Salicylate and phthalate pathways contributed differently on phenanthrene and pyrene degradations in Mycobacterium sp. WY10

Abstract

Mycobacterium sp. WY10 was a highly effective PAHs-degrading bacterium that can degrade phenanthrene (PHE, 100 mg L-1) completely within 60 h and 83% of pyrene (PYR, 50 mg L-1) in 72 h. In this study, ten and eleven metabolites, respectively, were identified in PHE and PYR degradation cultures, and a detailed PHE and PYR metabolism maps were constructed based on the metabolic results. The strain WY10 degraded PHE and PYR with initial dioxygenation mainly on 3,4- and 4,5-carbon positions, respectively. Thereafter, PYR degradation entered the PHE degradation pathway via the ortho-cleavage.
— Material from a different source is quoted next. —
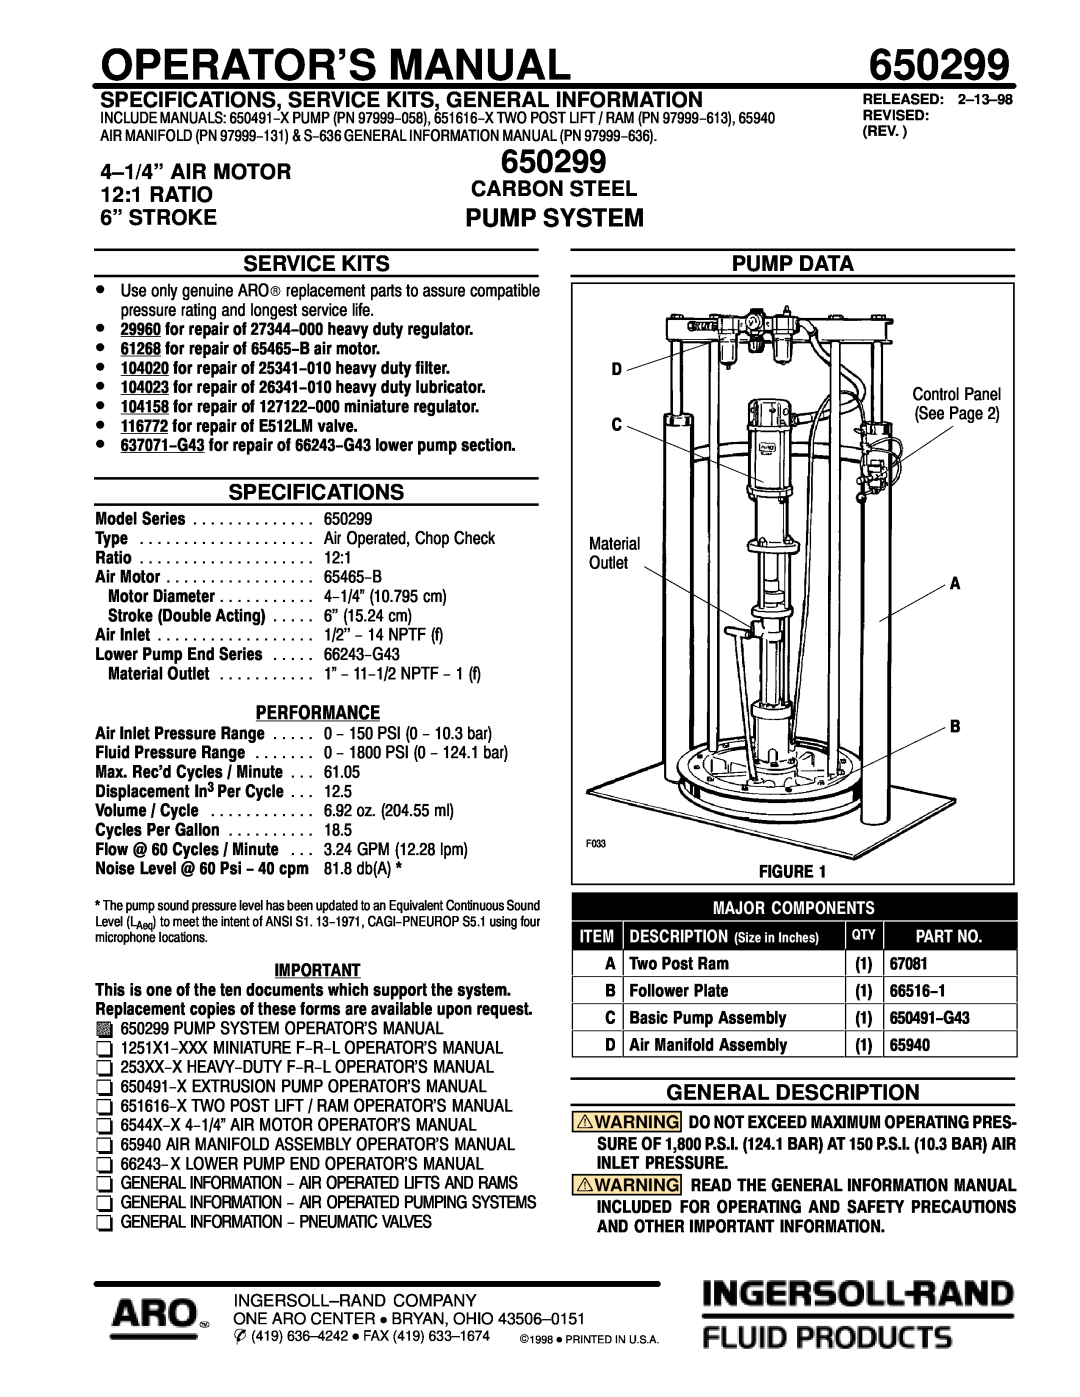 Ingersoll-Rand 650299 specifications Specifications, Service Kits, General Information, 4-1/4” AIR MOTOR, Ratio, 6” STROKE

It was observed that the "lower pathway" of PHE and PYR degradations were different. Based on the kinetics of residual metabolites, PHE was degraded in a dominant phthalate pathway and a minor salicylate pathway. However, both phthalate and salicylate pathways played important roles on PYR degradation. The WY10 genome revealed there were fifty-three genes related to PAHs degradations, including a complete gene set for PHE and PYR degradation via the phthalate pathway. The candidate gene/ORF, BOH72_19755, encoding salicylate synthase might contribute in the salicylate pathway.